We AFFIRM the termination of Jack's parental rights.
[1] Pseudonyms have been used throughout this opinion for all family members.
[2] A.A. v. State, Dept. of Family & Youth Servs., 982 P.2d 256, 259 (Alaska 1999).
[3] Dingeman v. Dingeman, 865 P.2d 94, 96 (Alaska 1993).
[4] A.A., 982 P.2d at 259.
[5] Id.
[6] T.F. v. State, Dep't of Health & Soc. Servs., 26 P.3d 1089, 1092 (Alaska 2001).
[7] Sonneman v. Knight, 790 P.2d 702, 704 (Alaska 1990).
[8] Guin v. Ha, 591 P.2d 1281, 1284 n. 6 (Alaska 1979).
[9] 25 U.S.C. § 1912(d).
[10] N.A. v. State, Div. of Family & Youth Servs., 19 P.3d 597, 603 (Alaska 2001).

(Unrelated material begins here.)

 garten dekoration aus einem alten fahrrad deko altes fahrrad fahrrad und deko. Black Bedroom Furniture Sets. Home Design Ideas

[11] A.A. v. State, Dept. of Family & Youth Servs., 982 P.2d 256, 261 (Alaska 1999).
[12] A.M. v. State, 891 P.2d 815, 827 (Alaska 1995), overruled on other grounds, Matter of S.A., 912 P.2d 1235, 1239 (Alaska 1996); see also A.B.M. v. M.H. & A.H., 651 P.2d 1170, 1173 (Alaska 1982) (holding that there was no compelling reason for implying a judicially created exception to ICWA).

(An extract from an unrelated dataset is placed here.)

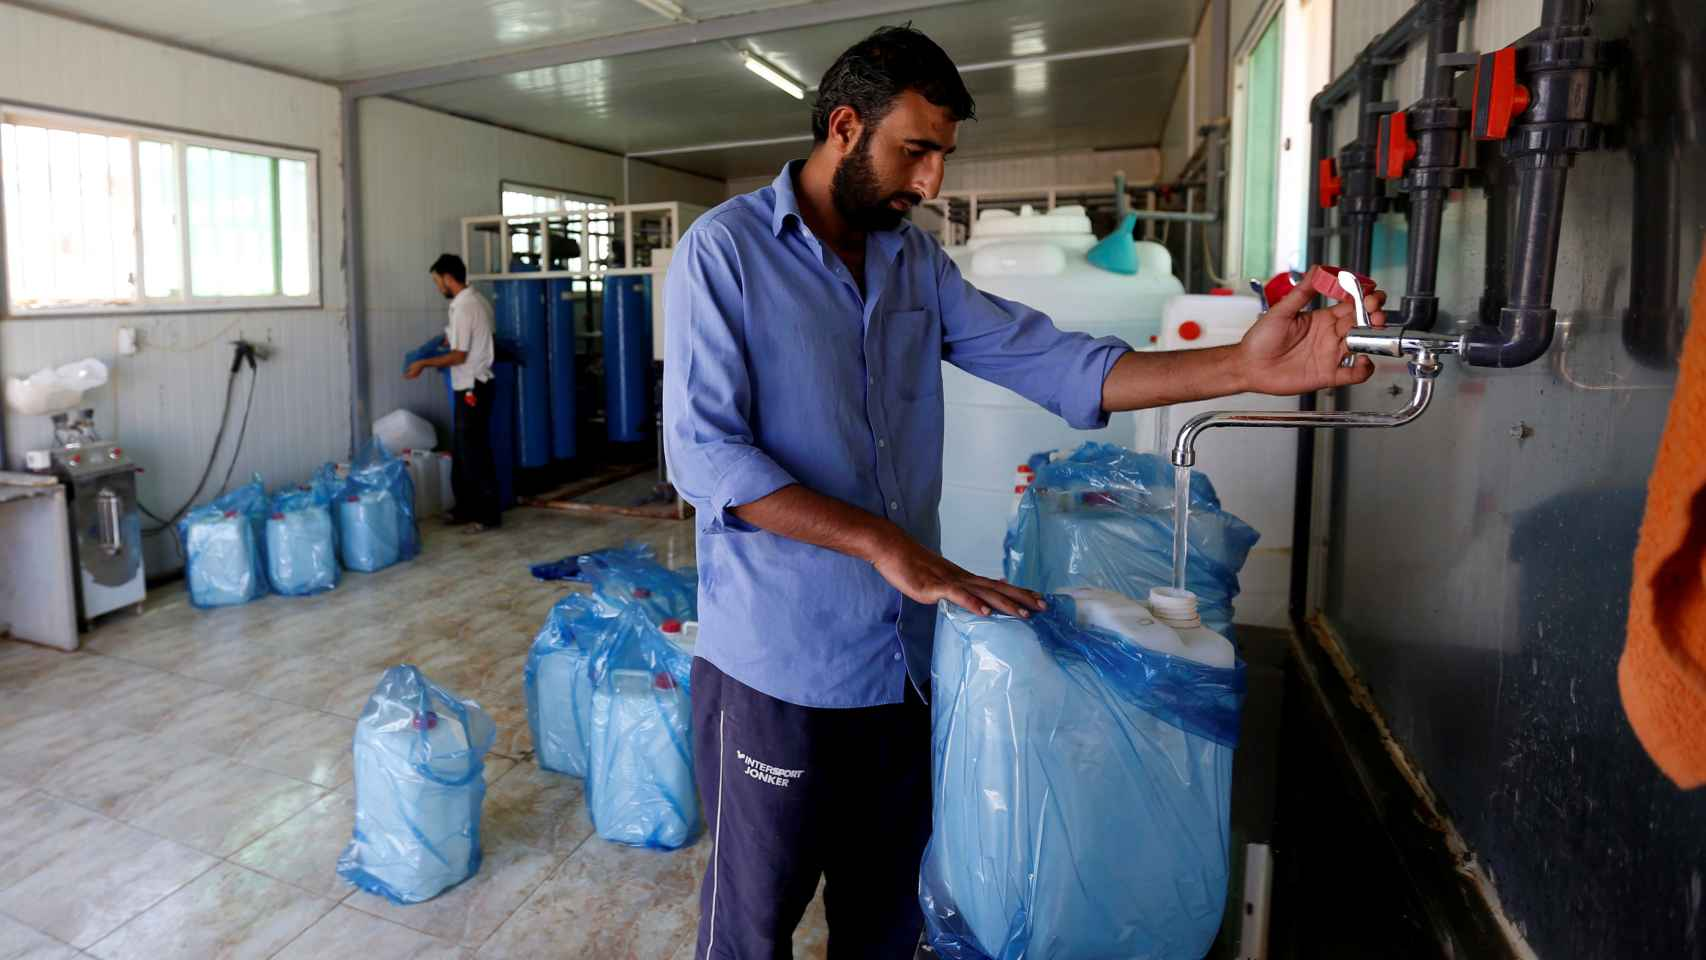 Un asilado sirio realizando labores de trabajo en Al-Zaatri, Jordania.

[13] Pub.L. No. 105-89, 111 Stat. 2115 (1997) (codified as amended in scattered sections of 42 U.S.C.). This provision of the federal act has been adopted in Alaska as AS 47.10.086(c)(1).
[14] Id. at § 101.
[15] 42 U.S.C. § 671(a)(15)(D)(i) (2001). We note that the Alaska Legislature has adopted this exception to the reasonable efforts requirement in regard to children in need of aid in AS 47.10.086(c).
[16] Jack also argues on appeal that, by requiring him to admit to charges I through VIII of his criminal indictment in order to prevent the termination of his parental rights, the state violated his constitutional right against self-incrimination and that the superior court erred in giving the state time to comply with ICWA. Because we hold that the state was not required to make active efforts, it is unnecessary to reach these two issues.
[17] 14 P.3d 946 (Alaska 2000).
[18] Id. at 953.
[19] Id.
[20] 25 U.S.C. § 1911(b) (2000) provides in relevant part:
(b) Transfer of proceedings; declination by tribal court
In any State court proceeding for the foster care placement of, or termination of parental rights to, an Indian child not domiciled or residing within the reservation of the Indian child's tribe, the court, in the absence of good cause to the contrary, shall transfer such proceeding to the jurisdiction of the tribe, absent objection by either parent, upon the petition of either parent or the Indian custodian or the Indian child's tribe: Provided, That such transfer shall be subject to declination by the tribal court of such tribe.
[21] AS 47.10.010(a).
[22] 25 U.S.C. § 1915(b) (2000) provides:
(b) Foster care or preadoptive placements; criteria; preferences
Any child accepted for foster care or preadoptive placement shall be placed in the least restrictive setting which most approximates a family and in which his special needs, if any, may be met. The child shall also be placed within reasonable proximity to his or her home, taking into account any special needs of the child. In any foster care or preadoptive placement, a preference shall be given, in the absence of good cause to the contrary, to a placement with
(i) a member of the Indian child's extended family;
(ii) a foster home licensed, approved, or specified by the Indian child's tribe;
(iii) an Indian foster home licensed or approved by an authorized non-Indian licensing authority; or
(iv) an institution for children approved by an Indian tribe or operated by an Indian organization which has a program suitable to meet the Indian child's needs.
[23] 25 U.S.C. § 1912(f) (2000) provides:
(f) Parental rights termination orders; evidence; determination of damage to child
No termination of parental rights may be ordered in such proceeding in the absence of a determination, supported by evidence beyond a reasonable doubt, including testimony of qualified expert witnesses, that the continued custody of the child by the parent or Indian custodian is likely to result in serious emotional or physical damage to the child.
[24] C.J. v. State, Dep't of Health & Soc. Servs., 18 P.3d 1214, 1218 (Alaska 2001).